● **Action item**: The answer is to be an exact copy of the lines below running from the line with "BIRDS ON TWIG" down to the line with "BVLGARI Serpenti Forever", both ends included, and nothing more.
++++ Data records ++++
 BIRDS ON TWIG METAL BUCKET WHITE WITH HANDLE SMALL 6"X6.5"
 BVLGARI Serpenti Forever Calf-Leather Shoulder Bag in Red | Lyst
++++
++++ Data records ++++
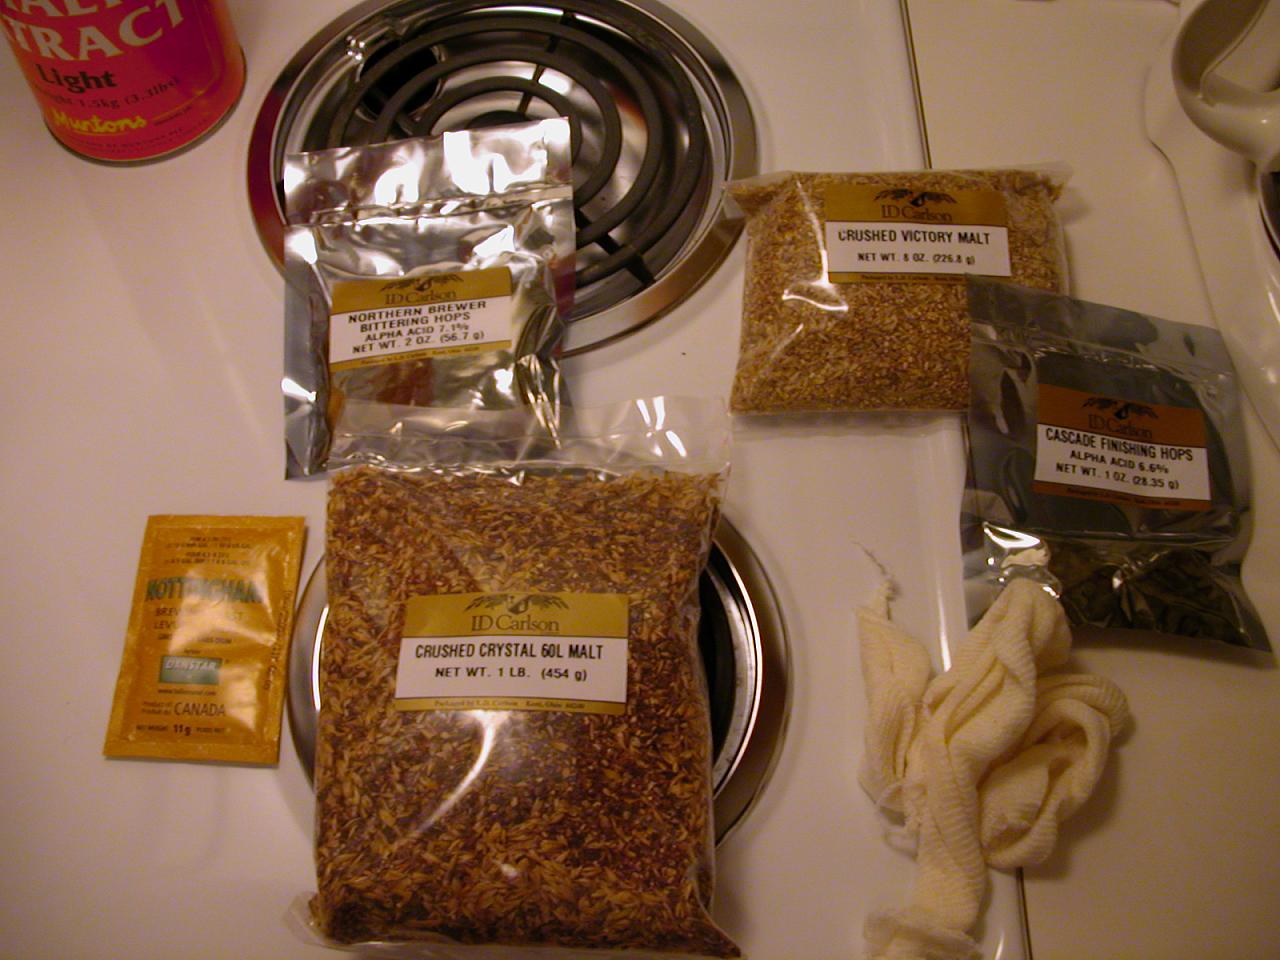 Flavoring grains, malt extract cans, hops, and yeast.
++++
● **Solution for this exercise**:
 BIRDS ON TWIG METAL BUCKET WHITE WITH HANDLE SMALL 6"X6.5"
 BVLGARI Serpenti Forever Calf-Leather Shoulder Bag in Red | Lyst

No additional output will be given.